▶ _Problem description_:
With the pictures removed, the data below must be transcribed in full and exactly.
Dataset extract: Begin
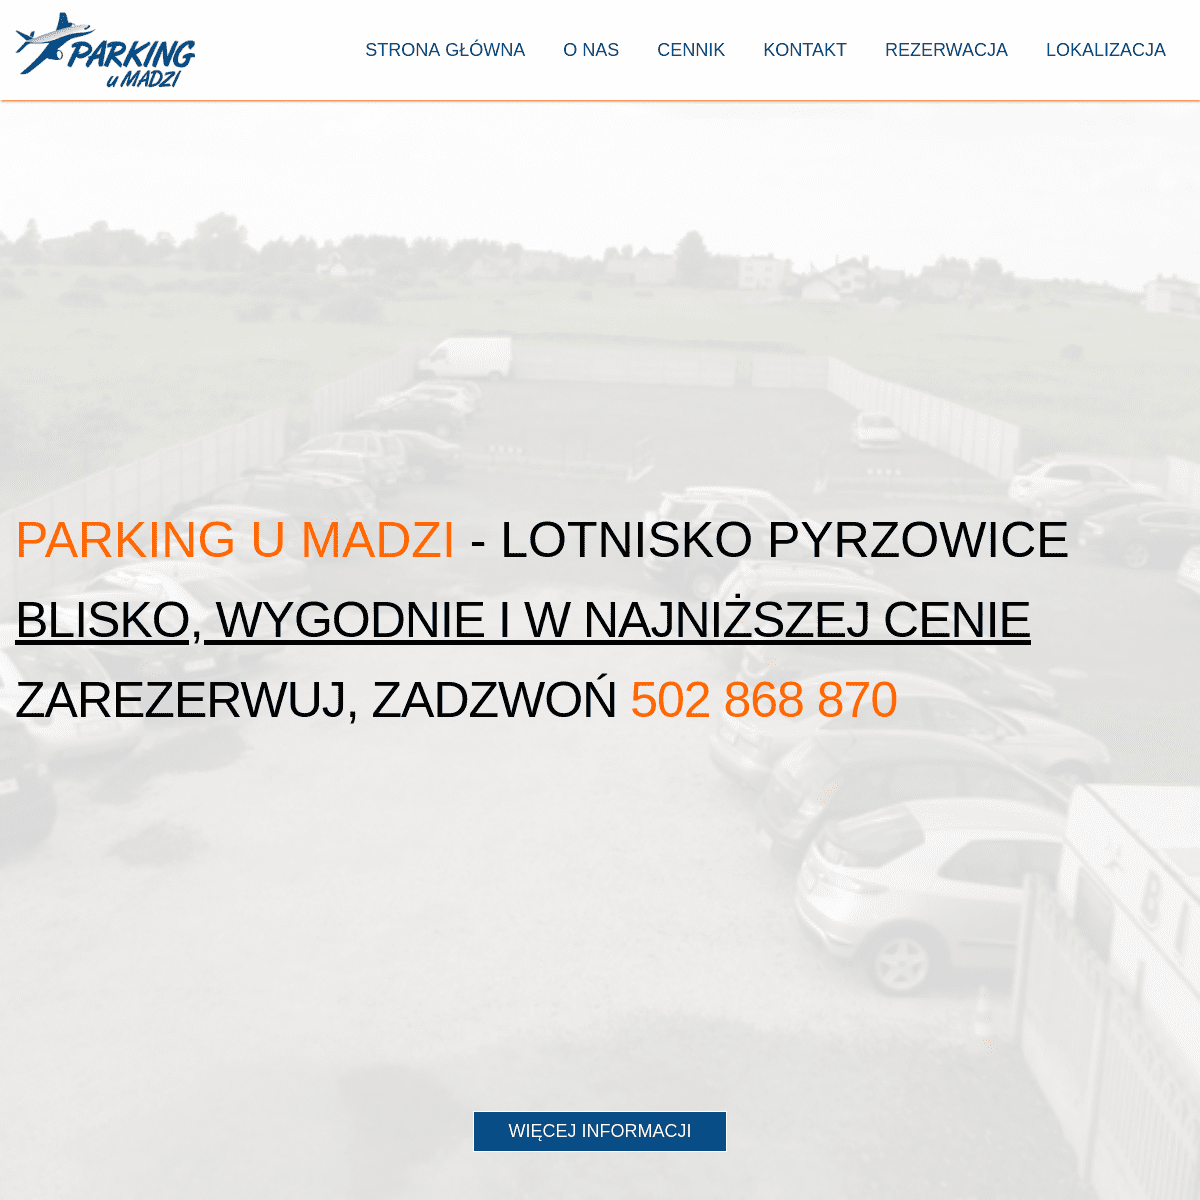 A complete backup of parkingumadzi.pl
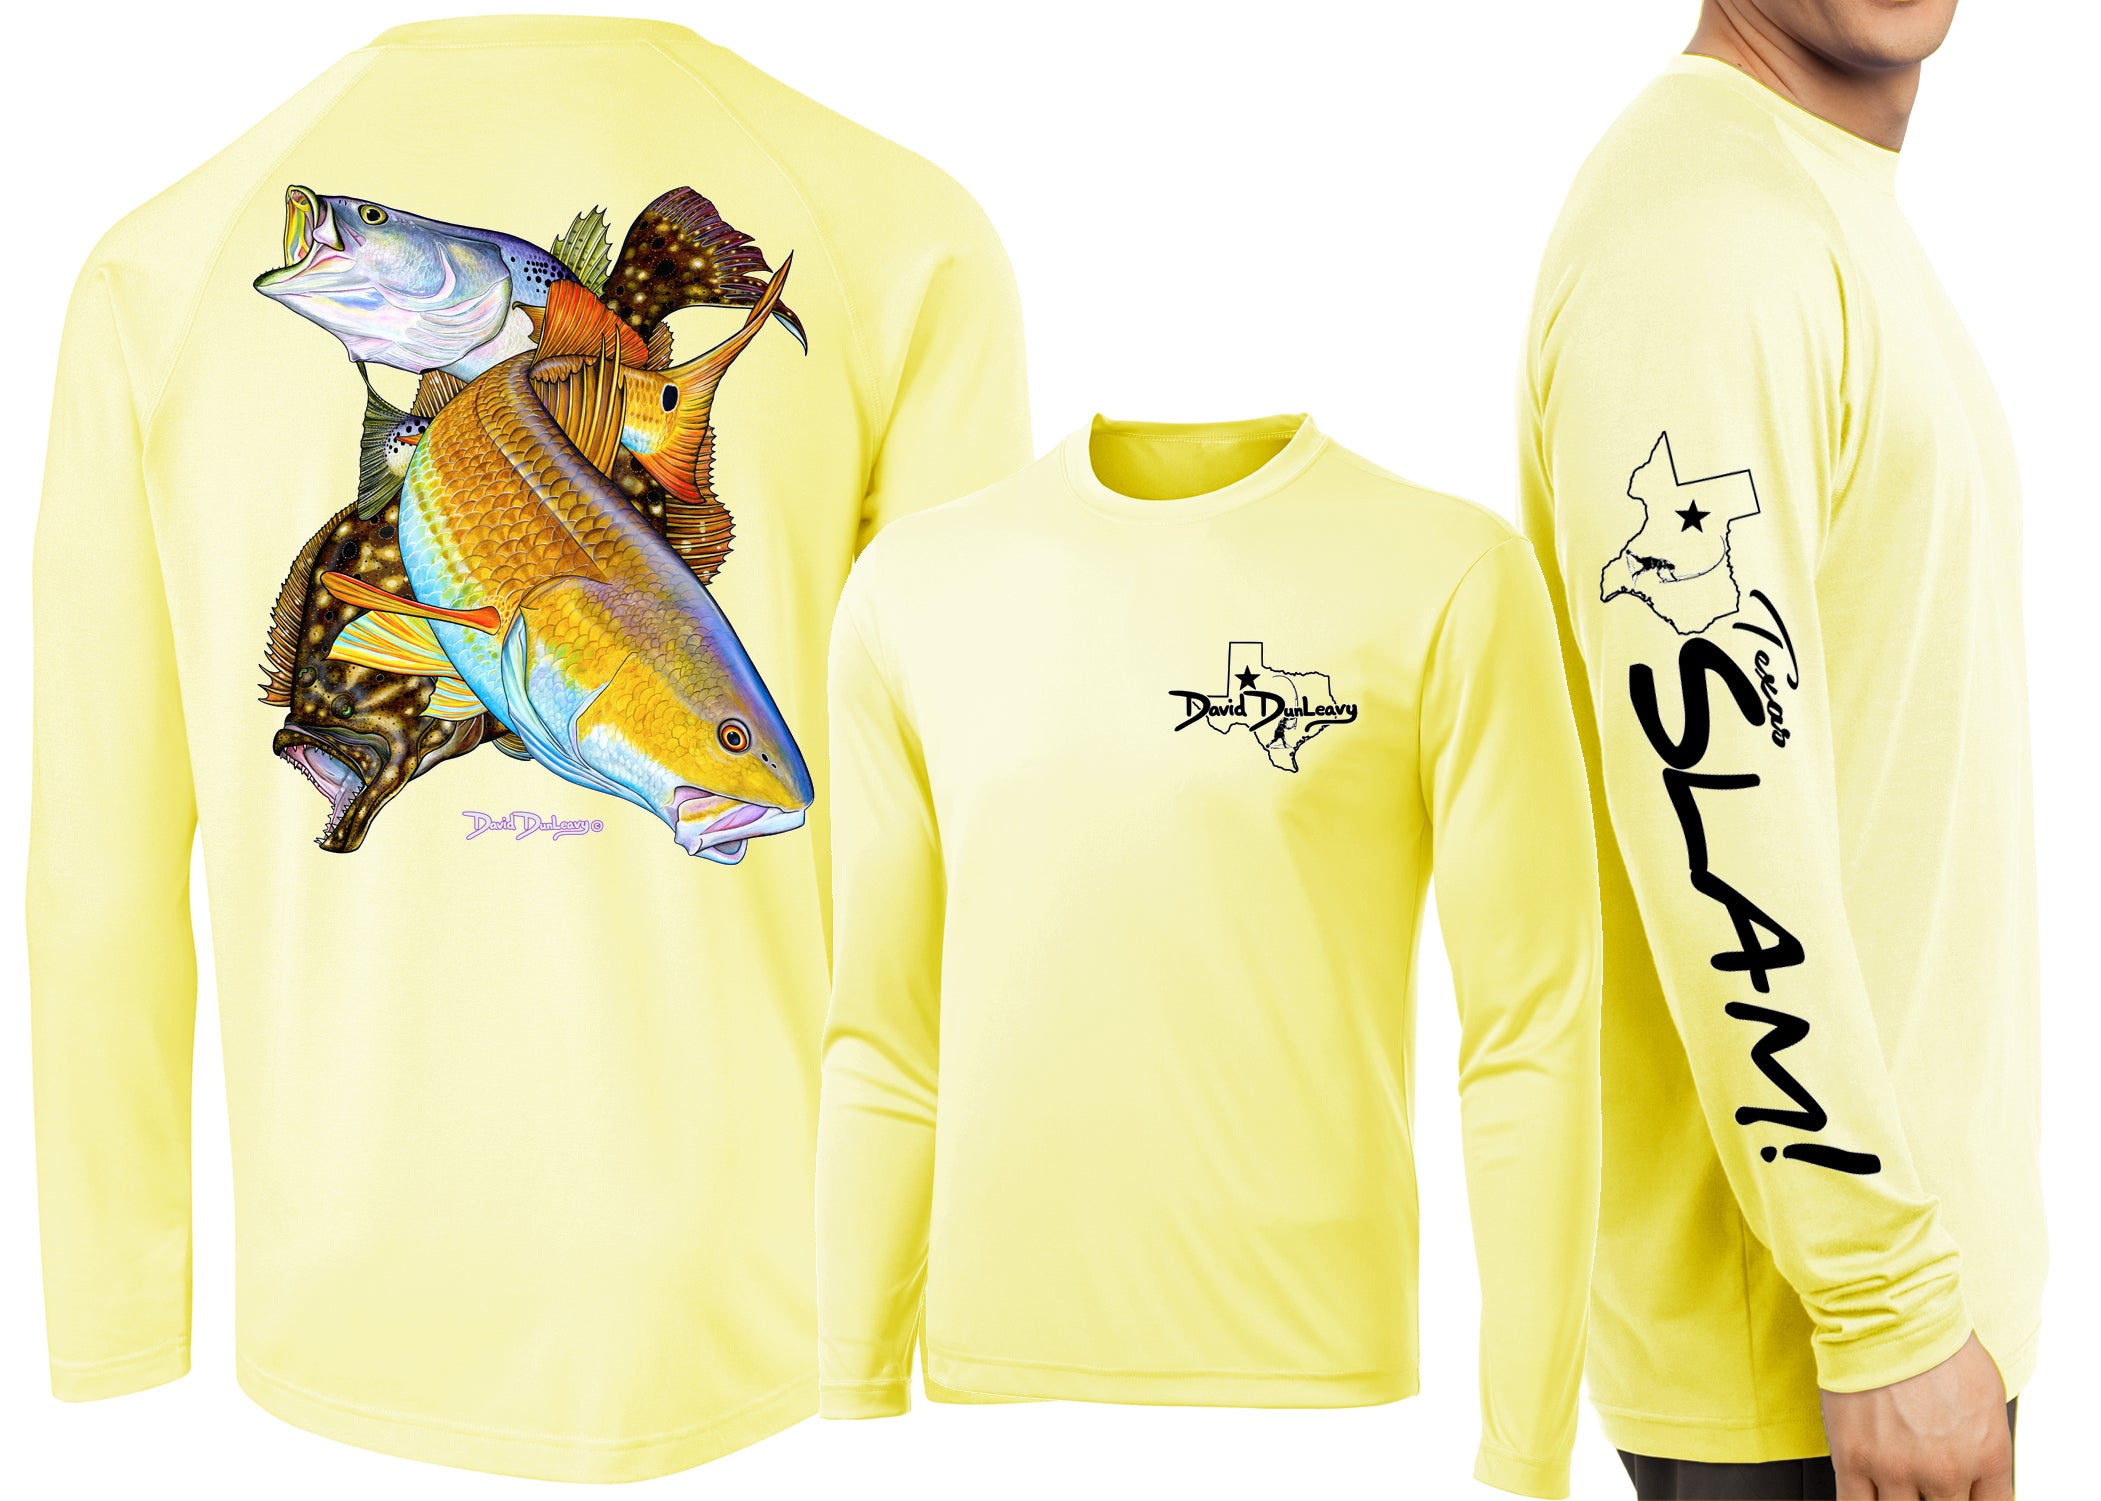 Men's Performance Fishing T-Shirts
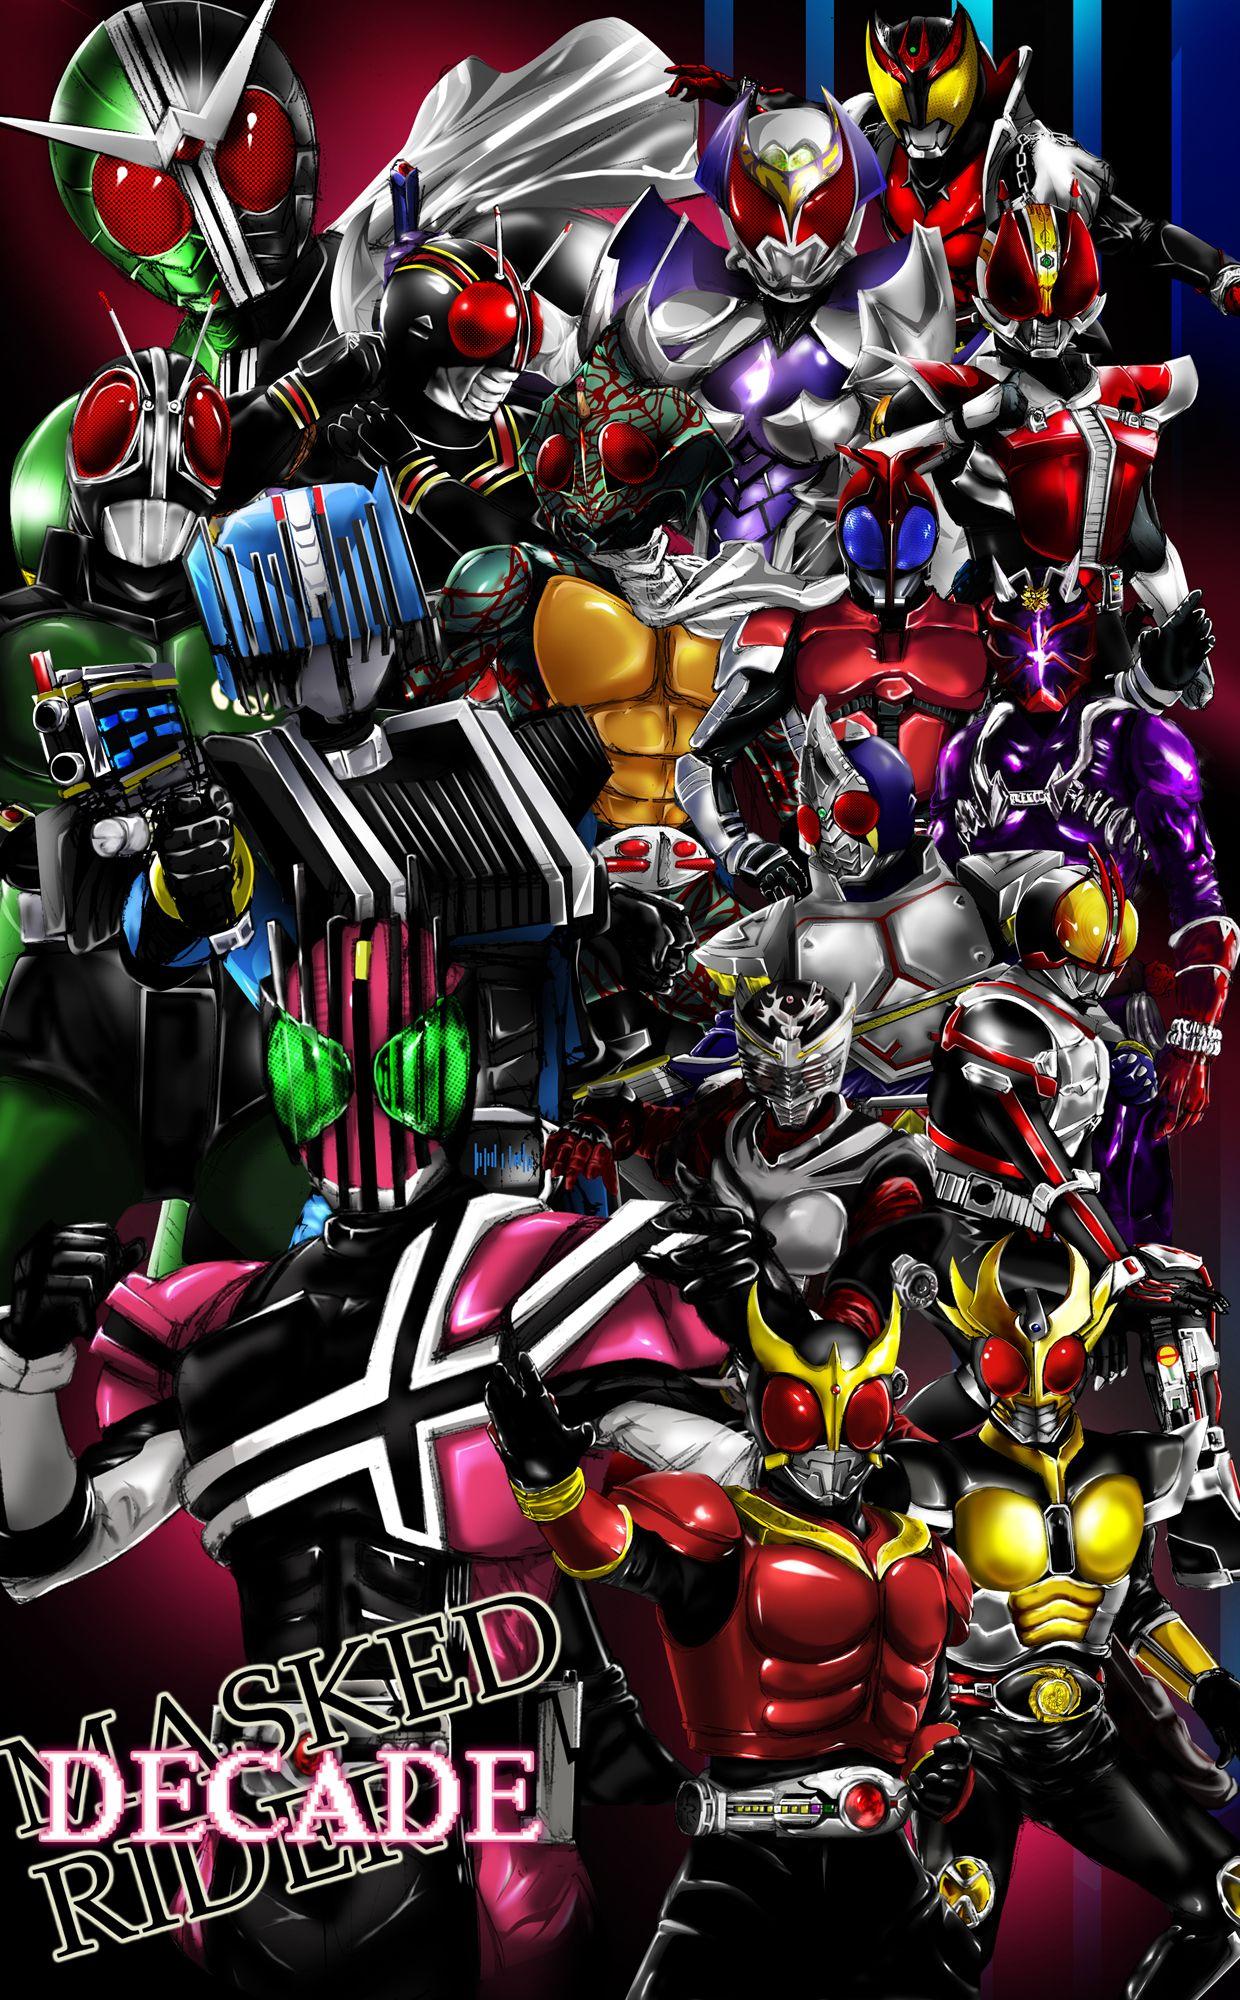 Kamen Rider Black RX Rider Series Anime Image Board
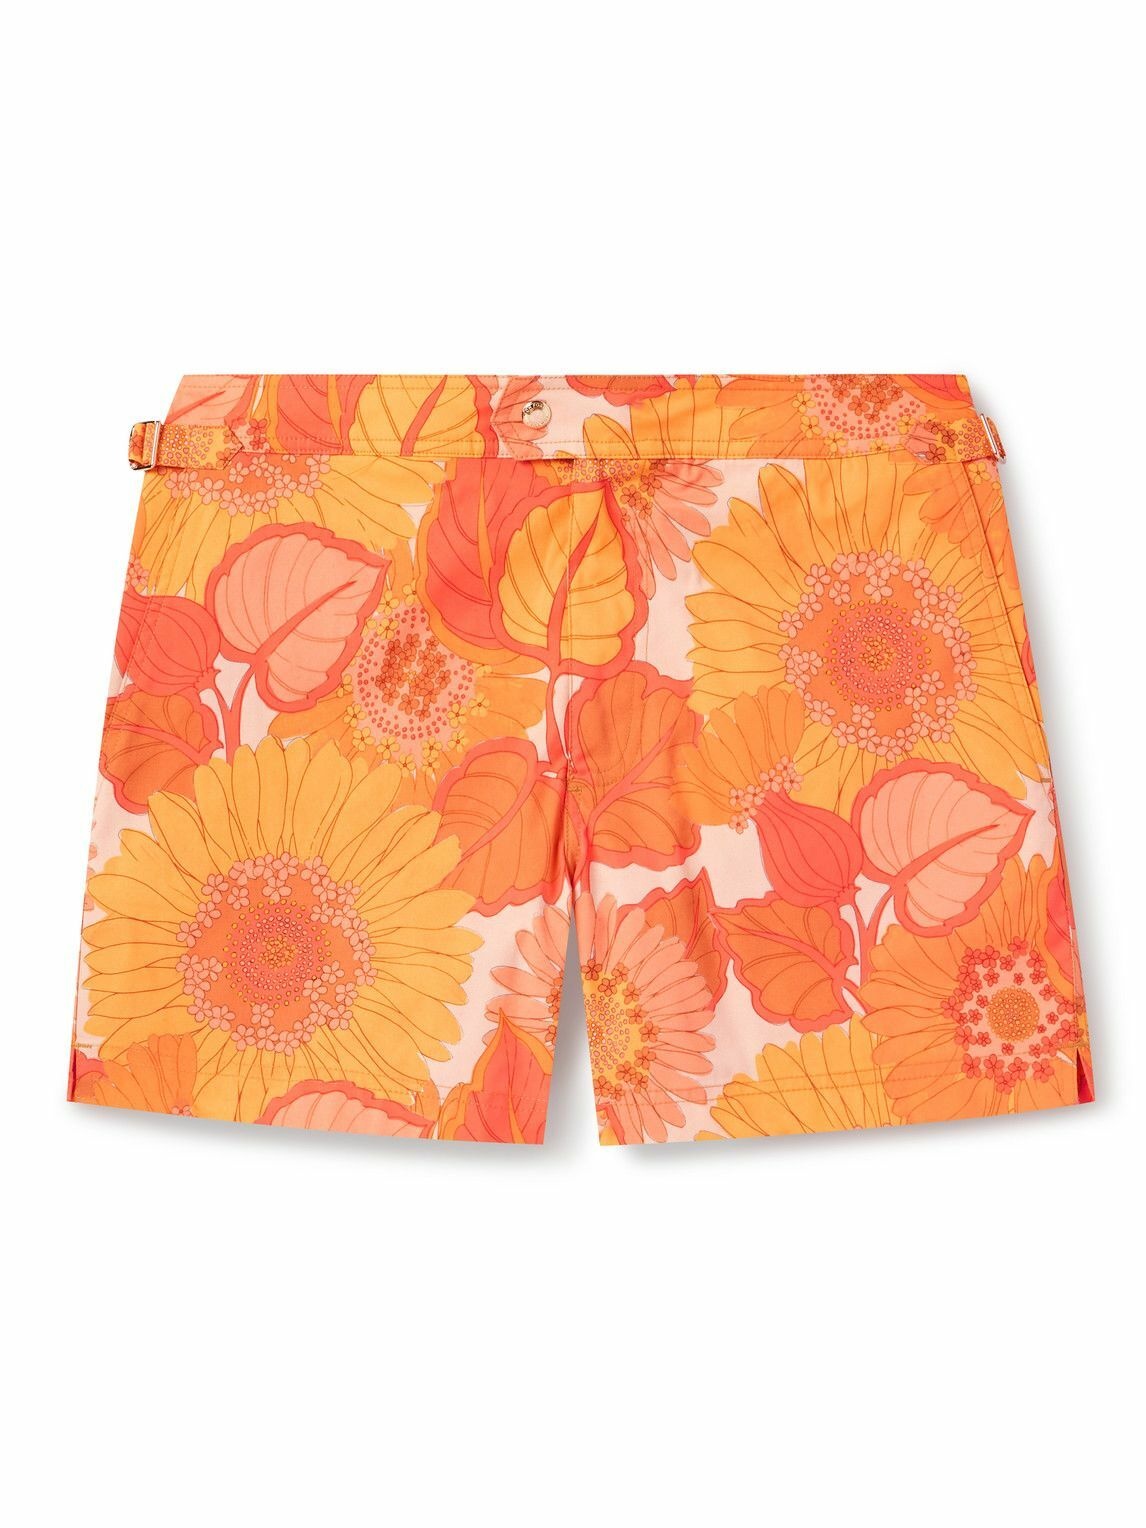 TOM FORD - Slim-Fit Short-Length Floral-Print Swim Shorts - Orange TOM FORD
Dataset extract: End
▶ _Result below_:
 A complete backup of parkingumadzi.pl
 Men's Performance Fishing T-Shirts
 Kamen Rider Black RX Rider Series Anime Image Board
 TOM FORD - Slim-Fit Short-Length Floral-Print Swim Shorts - Orange TOM FORD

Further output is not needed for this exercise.